The three things I knew about this movie after hearing about it over the years: it took people by surprise by how funny it was, the scene with McAdams saying “Yes! Oh no he died!”, and the idea that Plemons “steals every scene he’s in.” The last one seems like a weird way to put it.

He’s really great, and he seems to get exactly what makes his character work in a way that’s still remarkable even when every single member of the cast seems to innately understand exactly what they’re doing. But it’s also a bit like if you opened the door to your house, gave someone explicit directions to your house, rolled out a carpet towards your living room, laid out tools and a dolly, and then said that they “stole” your television. The movie is entirely set up to help his scenes work: slow camera moves into his face, awkwardly long pauses, stretches of uncomfortable silence. It’s not insulting anybody’s performance to say that the movie works because it feels like a perfect collaboration where everyone at every step of the process gets how to make it work.

And the self-awareness and meta-commentary seem kind of unnecessary, since the emotional “weight” of the story is based on a sweet idea that actually works. It shows four couples in various stages of their relationships — or by the end, five couples — and it keeps casually throwing in hints of what makes people “right” for each other. Our two leads keep referencing their attempts to have a baby, and his anxiety over the prospect of having to settle down.4No, I’m not just struggling to make my blog post title work, actually. It’s a real thing that’s in the movie. That’s the kind of thing that usually feels like something writers begrudgingly put into a Hollywood movie to try and give it some dramatic weight. It can’t just be funny or exciting; it has to mean something.

But here, it works, without feeling too maudlin or too simple, because it’s so deftly handled. Our “main” couple are subtly contrasted against couples in various different stages of a relationship: a fertility doctor who’s single and looking, a friend and his co-worker who seem mis-matched in every possible way, two friends who’ve been together since middle school, and the creepy neighbor who can’t get over his divorce. It doesn’t draw too much attention to itself, but feels like it quietly hits all the romantic comedy beats, mostly in the background. It makes the story feel like a romantic comedy, even though we started the movie with a speed-run through the romantic comedy portion of our leads’ relationship, and joined them after they’ve already settled down. Essentially, it’s a celebration of settling down, a quiet rejection of the idea that relationships stop being interesting or romantic once you’ve found the person who’s perfect for you.

I didn’t make the connection until after the movie was over, but the directors of Game Night, John Francis Daley and Jonathan Goldstein, were also co-directors of the excellent Dungeons and Dragons: Honor Among Thieves. (And co-writers of Spider-Man: Homecoming).
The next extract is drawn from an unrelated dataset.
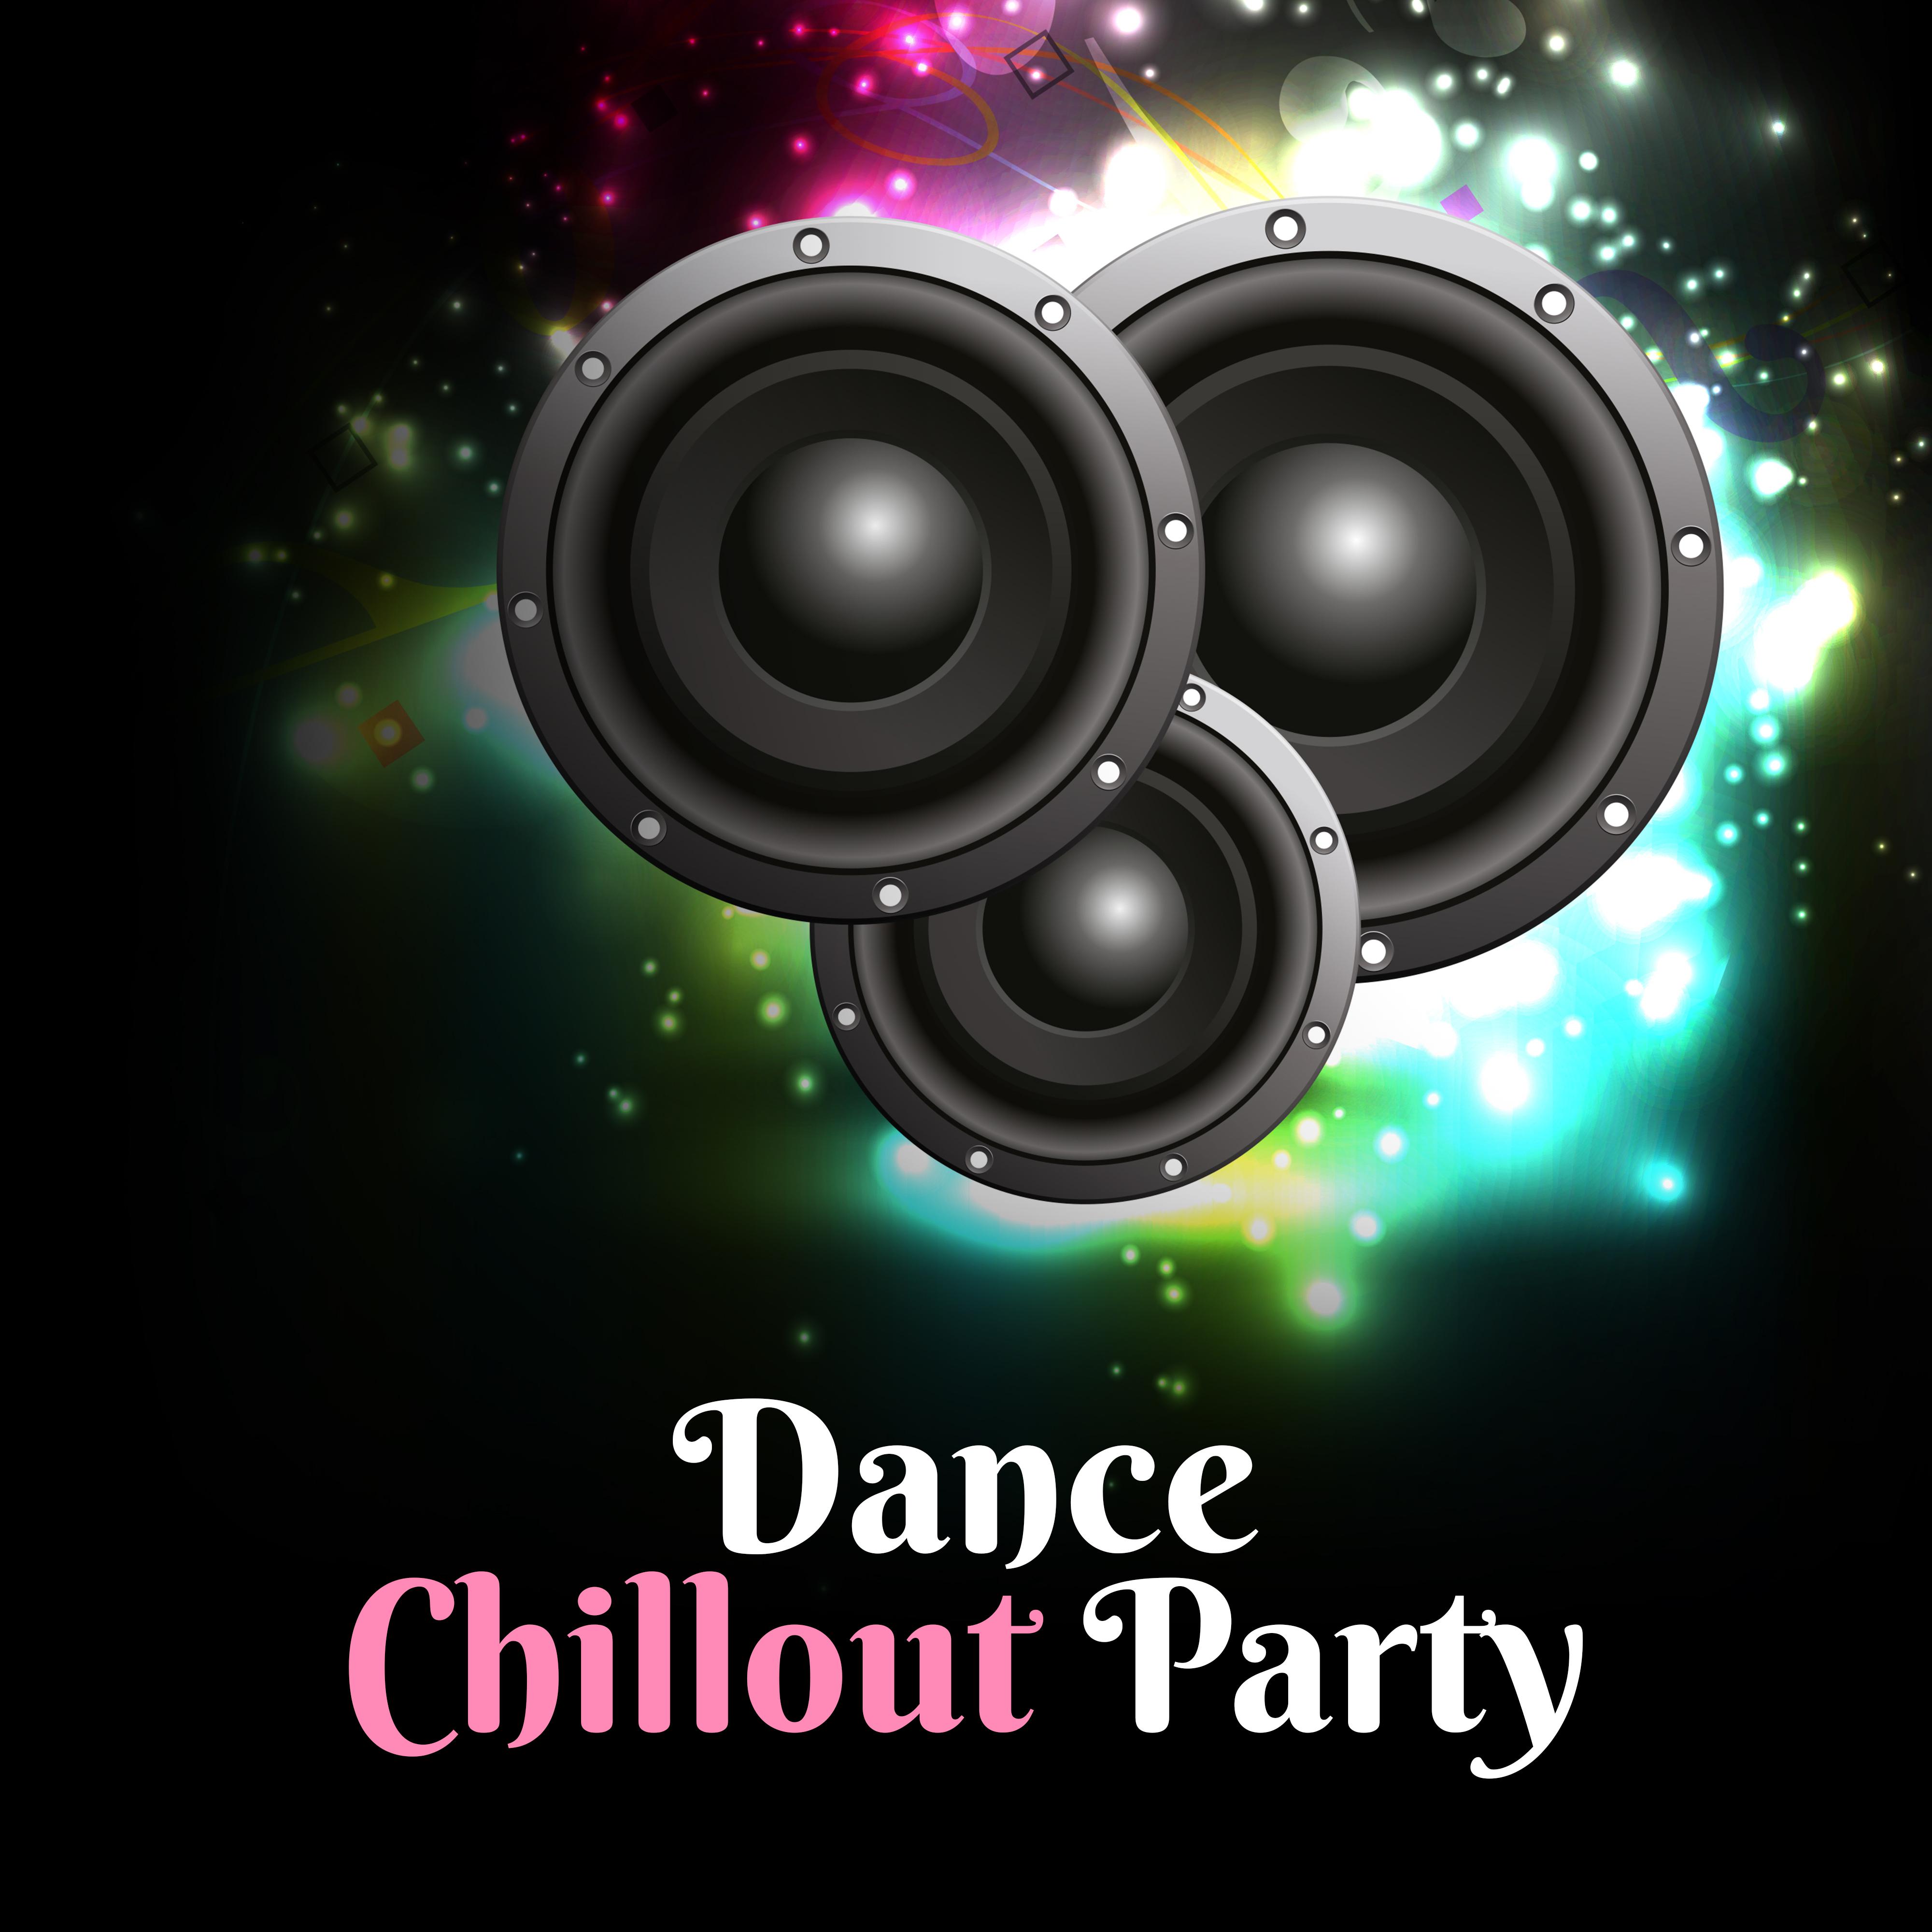 Dance Chillout Party  Best Party Chill Out Music, Ibiza Night, Cocktails  Drinks, Beach Dancefloor

It makes perfect sense; both are movies that seem like they’re way better than they needed to be, and both understand not just how to combine comedy and action, but how to trust in a cast to know exactly what they’re doing.

  • 1
    While we hear the squeaking of the dog toy, which is just plain masterful
  • 2
    Somehow even more dated than the idea that a couple so obsessed with playing — or actually, winning — games to host a weekly game night for so many years would still be bringing Scrabble, Clue, and Life to a party.
  • 3
    That tilt-shift effect also unfortunately dates it, but it’s not so distracting because it works thematically, and the end credits cleverly call back to it.
  • 4
    No, I’m not just struggling to make my blog post title work, actually. It’s a real thing that’s in the movie.